Unemployment Insurance Act 1930
- Parliament of the United Kingdom
- Long title: An Act to amend the Unemployment Insurance Acts, 1920 to 1929.
- Citation: 20 & 21 Geo. 5. c. 16
- Territorial extent: United Kingdom

Dates
- Royal assent: 6 February 1930
- Commencement: 13 March 1930
- Expired: 30 June 1933
- Repealed: 18 March 1935

Other legislation
- Amends: Unemployment Insurance Act 1920; Unemployment Insurance (No. 2) Act 1921; Unemployment Insurance Act 1922; Unemployment Insurance Act 1923; Unemployment Insurance (No. 2) Act 1924; Unemployment Insurance Act 1927;
- Amended by: Unemployment Act 1934;
- Repealed by: Unemployment Insurance Act 1935
- Relates to: Unemployment Insurance Act 1920

Status: Repealed

Text of statute as originally enacted

= Unemployment Insurance Act 1930 =

Act of the Parliament of the United Kingdom

The Unemployment Insurance Act 1930 (20 & 21 Geo. 5. c. 16) was passed in the United Kingdom in response to the economic problems emerging due to the Wall Street crash and Great Depression.
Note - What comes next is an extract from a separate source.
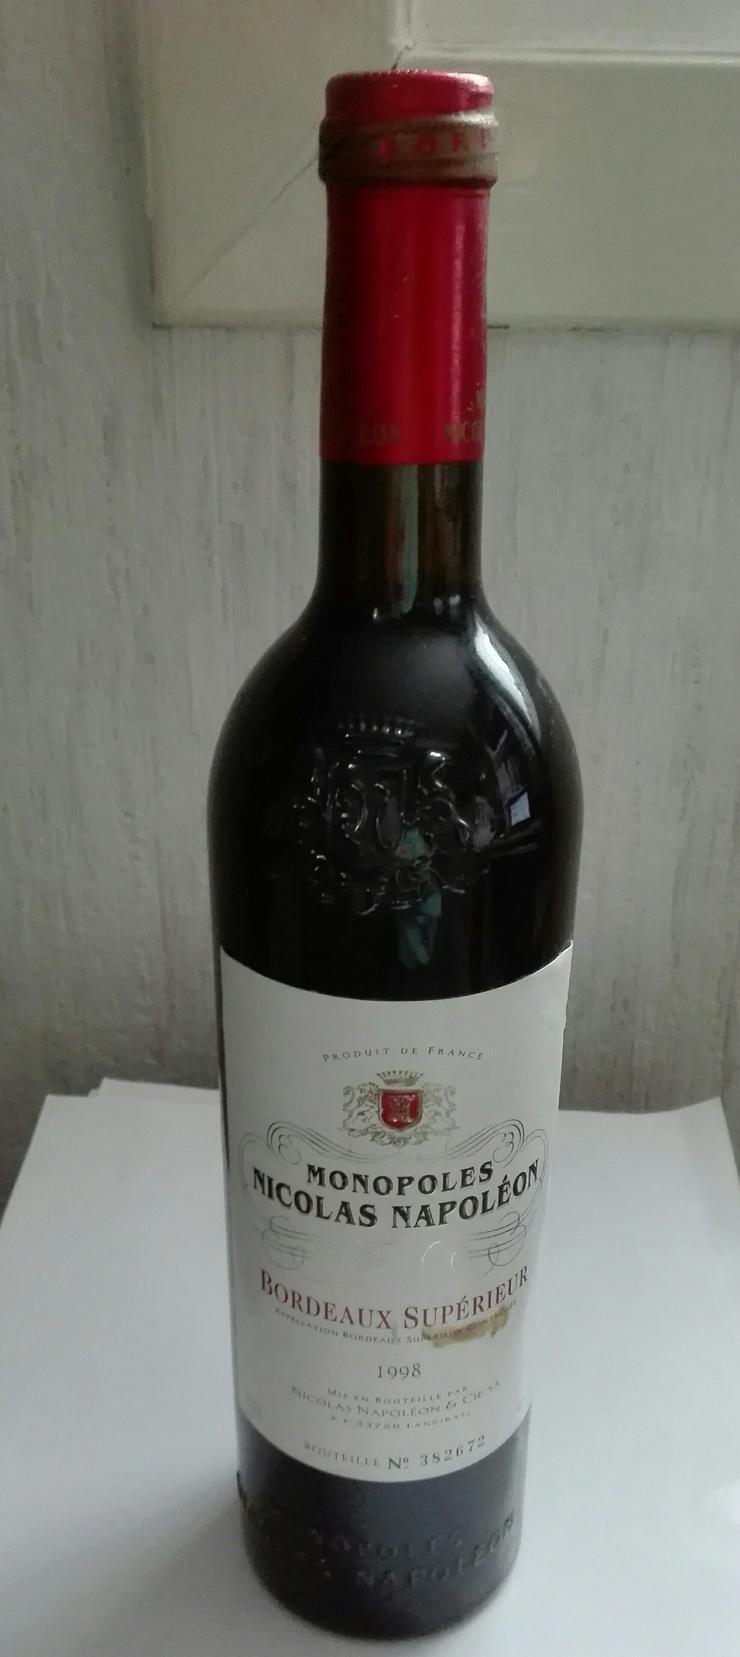 Weinflasche Monopoles Nicolas Napoleon 1998 Bordeaux Superieur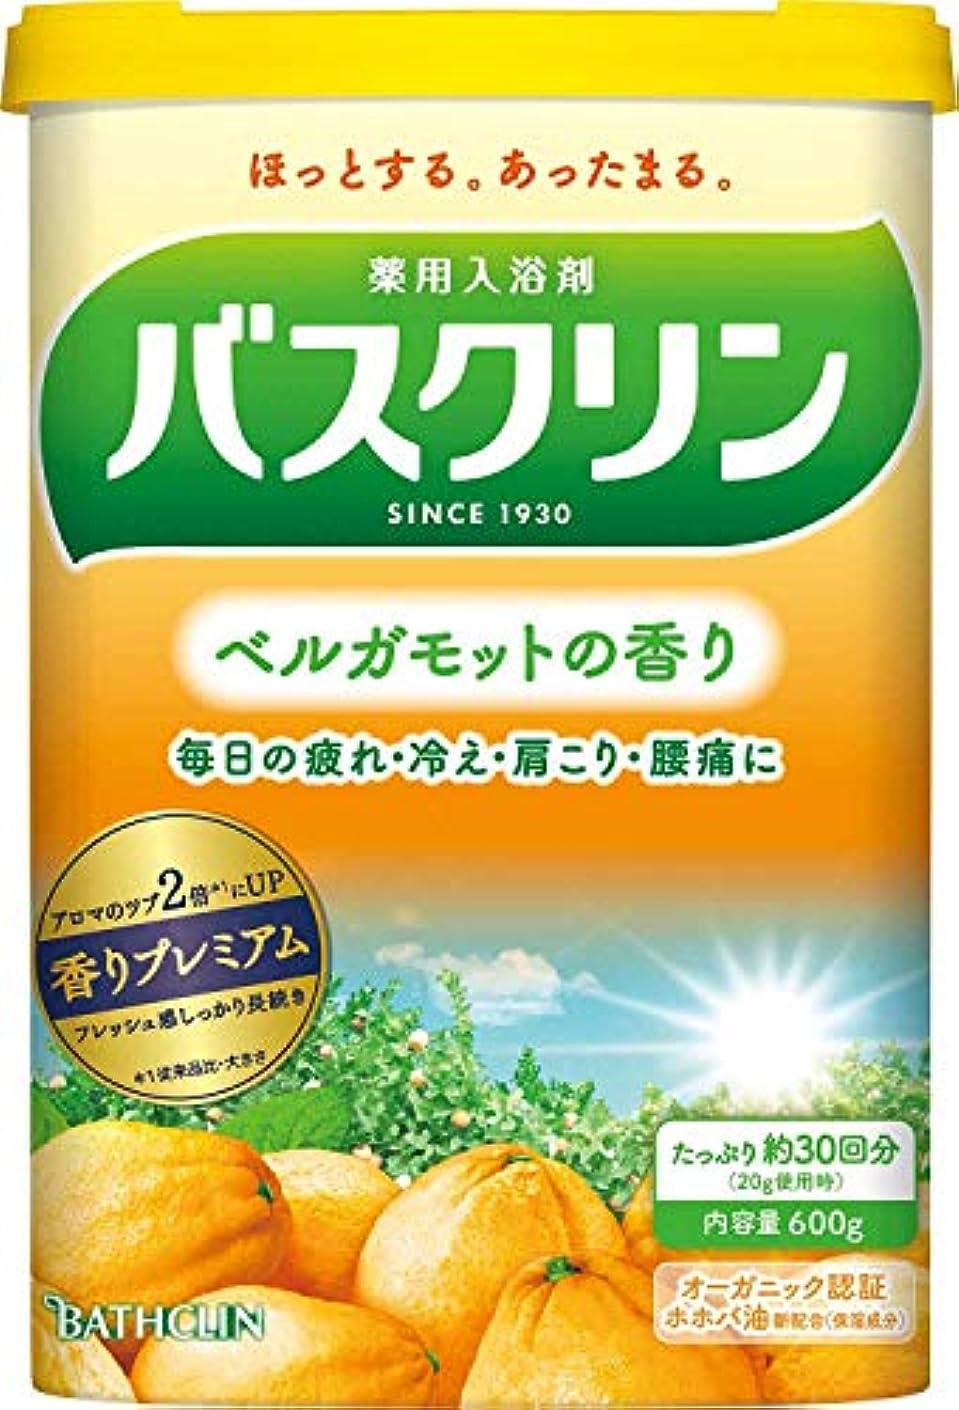 針無許可試用【医薬部外品】バスクリン入浴剤 ベルガモットの香り600g(約30回分) 疲労回復

It substantially reformed the benefits system and abolished the rule that those claiming benefits must genuinely be seeking work.

The changes made by the act to the Unemployment Insurance Acts 1920 to 1929 were temporary, section 20(7) and (8) providing that they only had effect from 13 March 1930 until 30 June 1933. It was continued in force until 30 June 1934 by the Unemployment Insurance (Expiring Enactments) Act 1933.

== Subsequent developments ==
The whole act was repealed by section 116(2) of, and part I of the seventh schedule to the Unemployment Insurance Act 1935 (25 & 26 Geo. 5. c. 8), which came into force on 18 March 1935.